Exercise instructions: With the pictures removed, write out the data below exactly.

Collected material:
· · · · · · ·

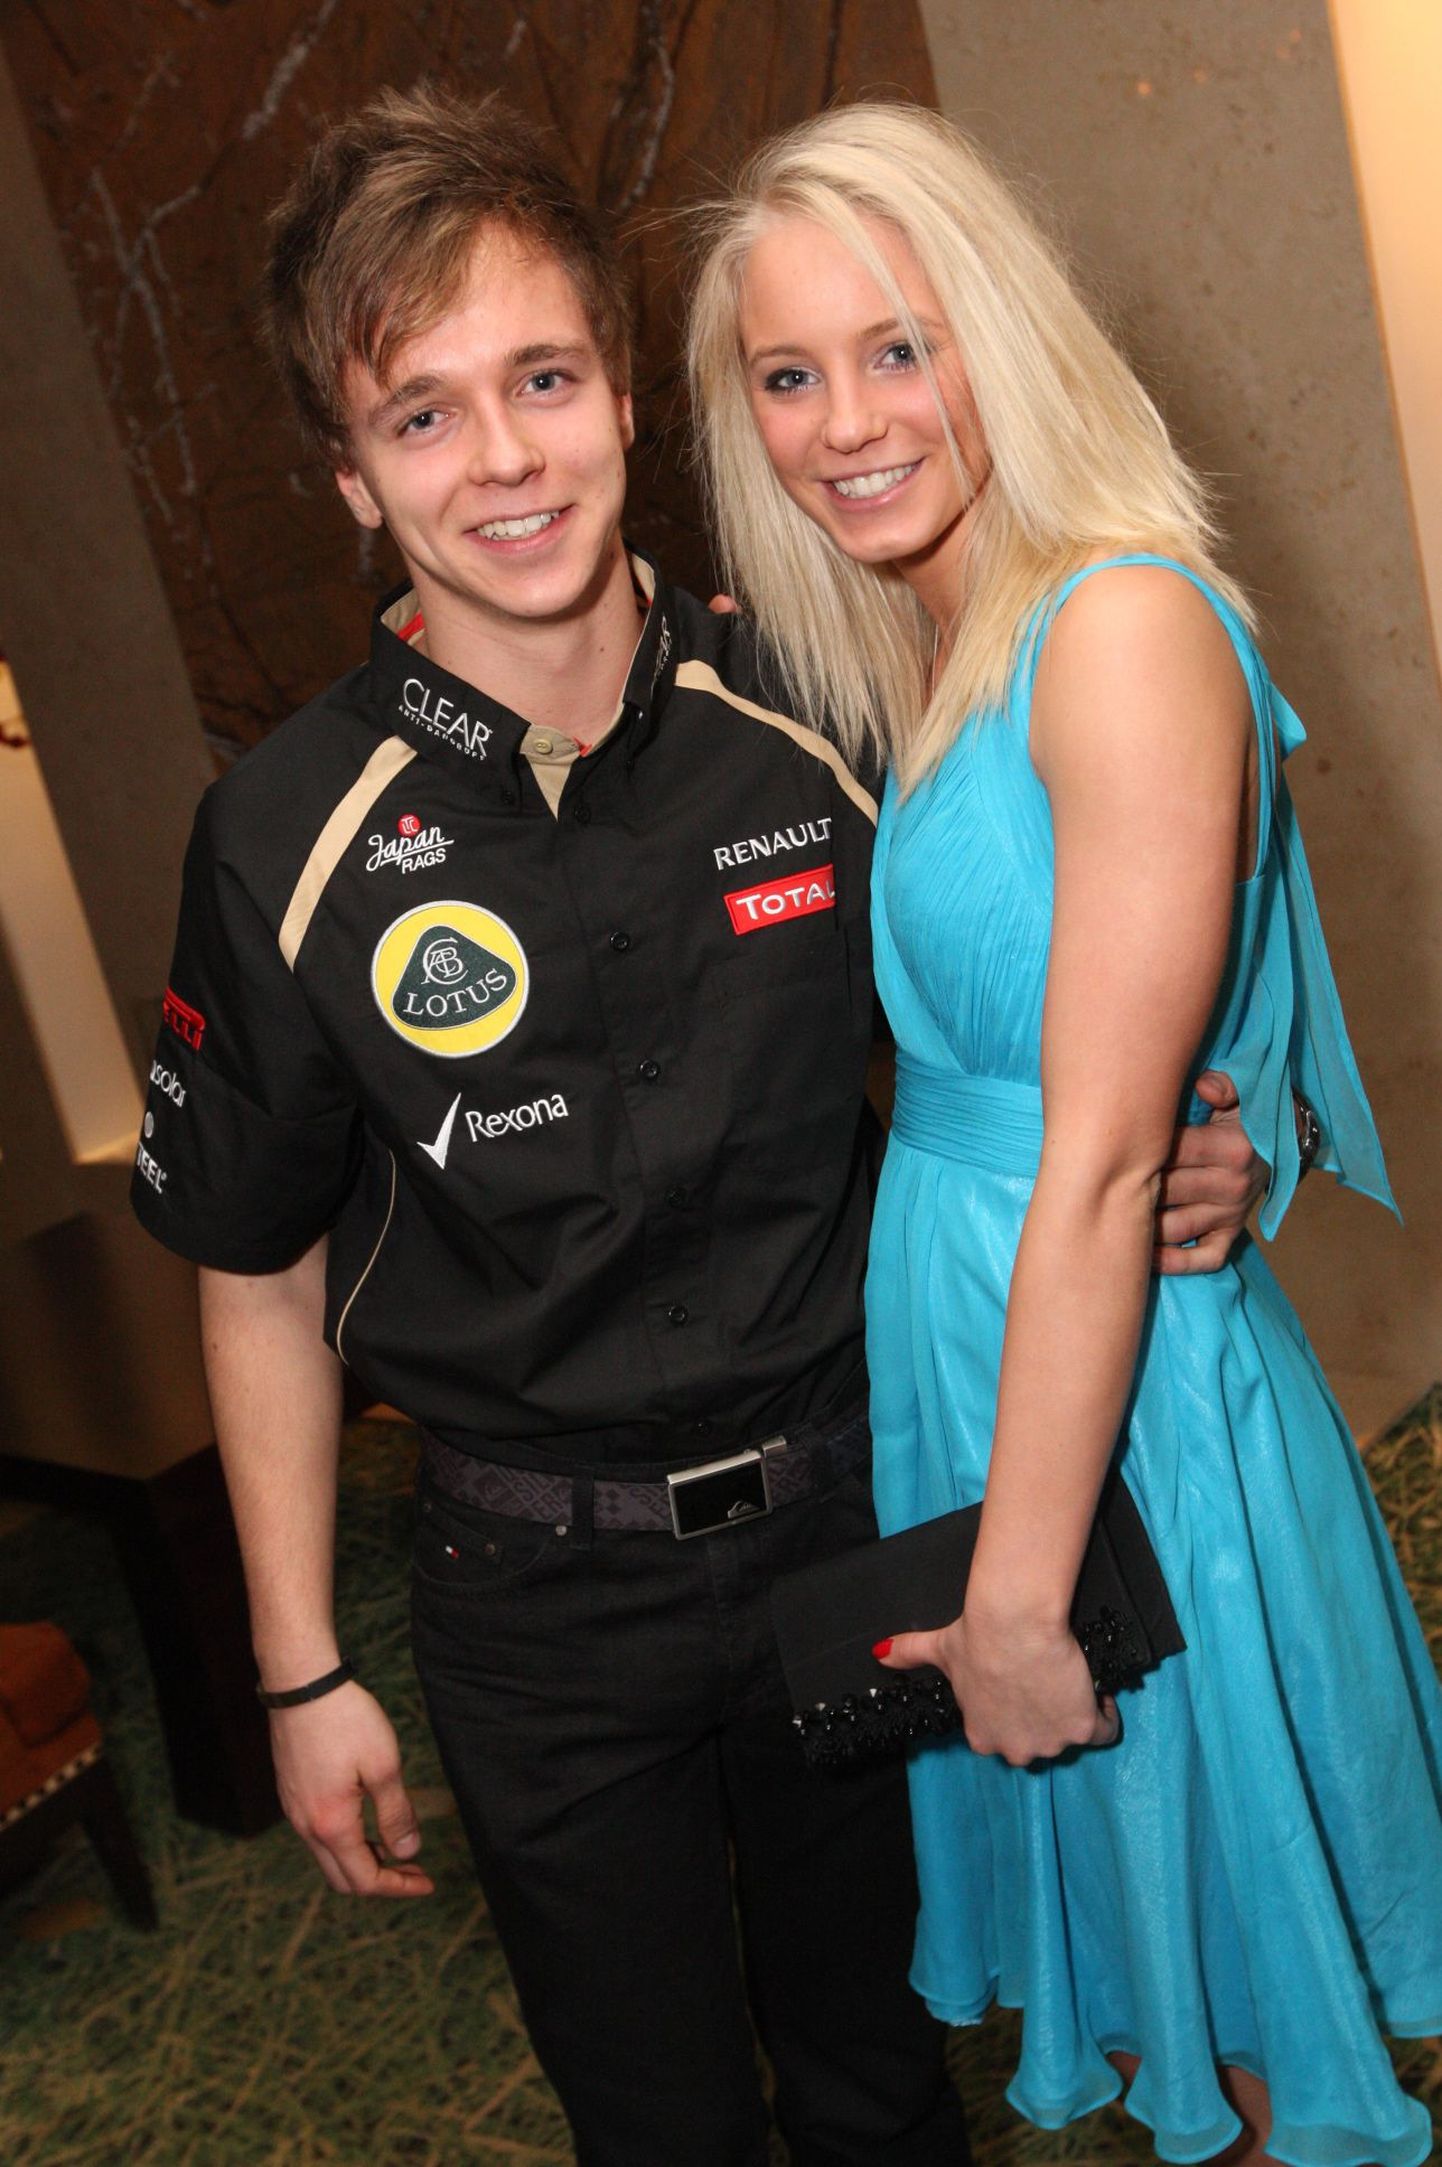 Kevin Korjus ja Lotus F1 meeskonna poolt korraldatud lanseerimisõhtu Nordic Hotel Forumis 7. märtsil 2012
Kevin Korjus esitles üritusel ka oma tüdruksõpra Maarja Laidnat
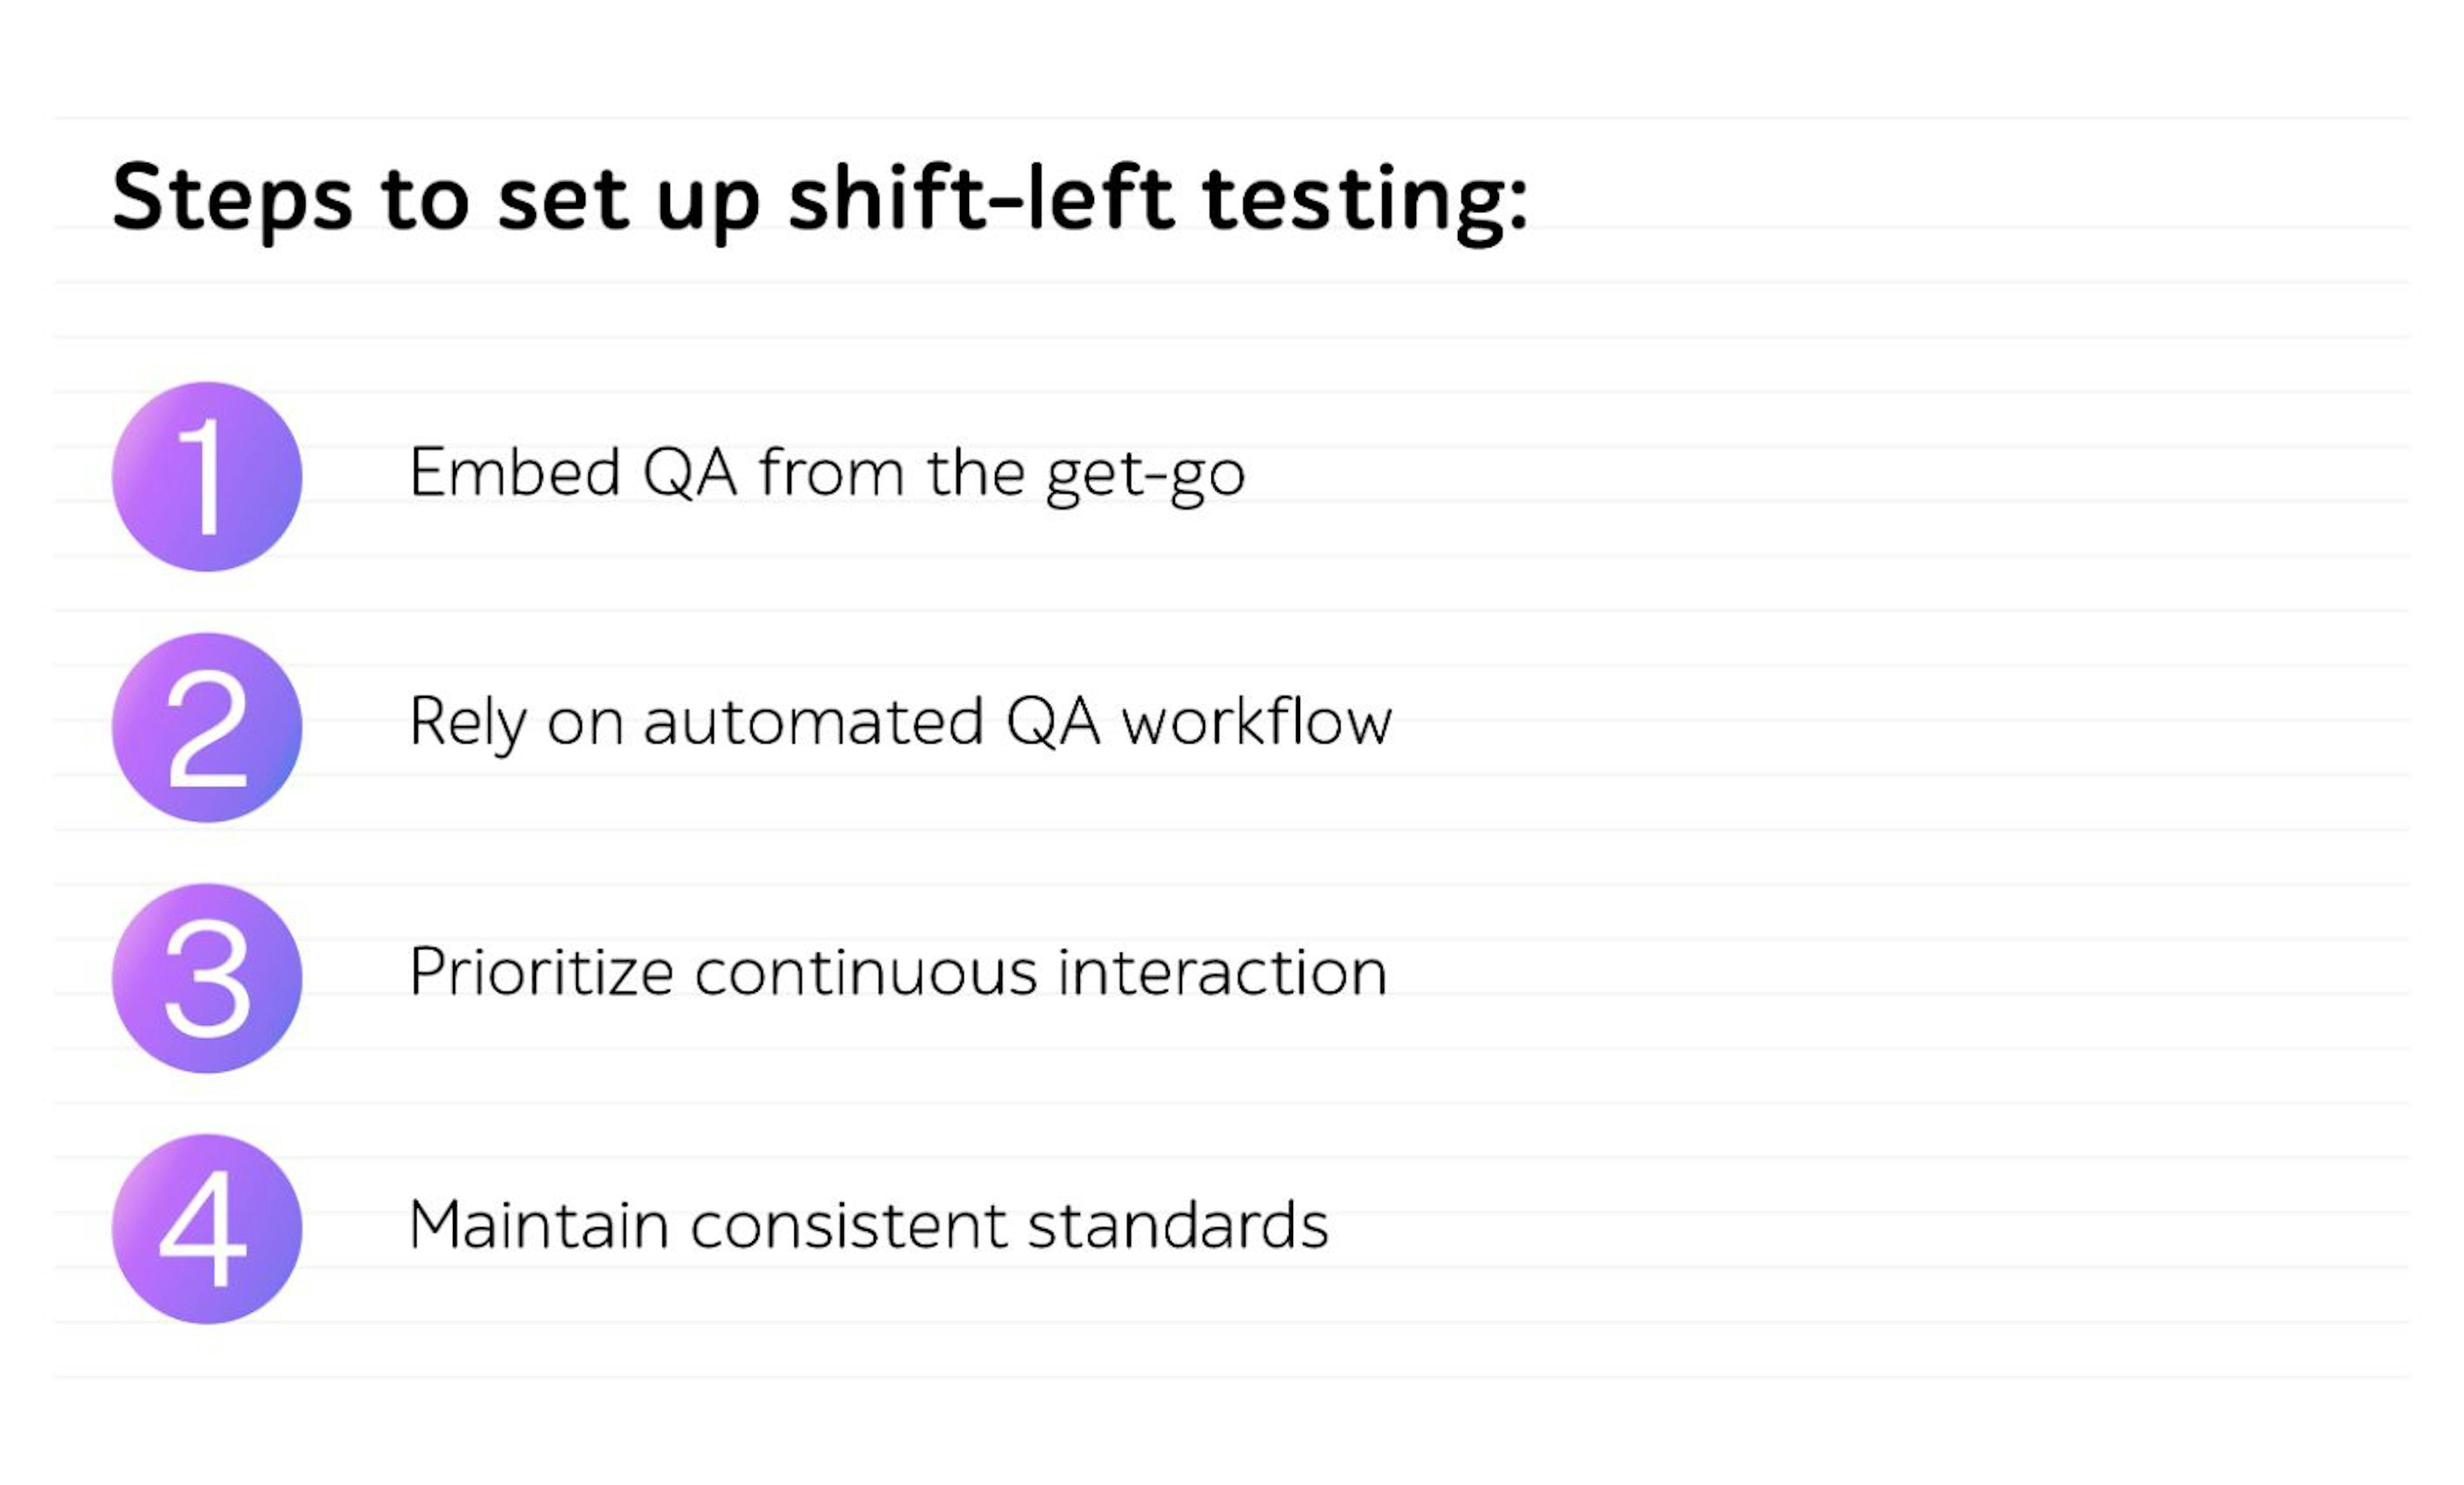 Steps to set up shift-left testing.

· · · · · · ·

Response box:
 Kevin Korjus ja Lotus F1 meeskonna poolt korraldatud lanseerimisõhtu Nordic Hotel Forumis 7. märtsil 2012
Kevin Korjus esitles üritusel ka oma tüdruksõpra Maarja Laidnat
 Steps to set up shift-left testing.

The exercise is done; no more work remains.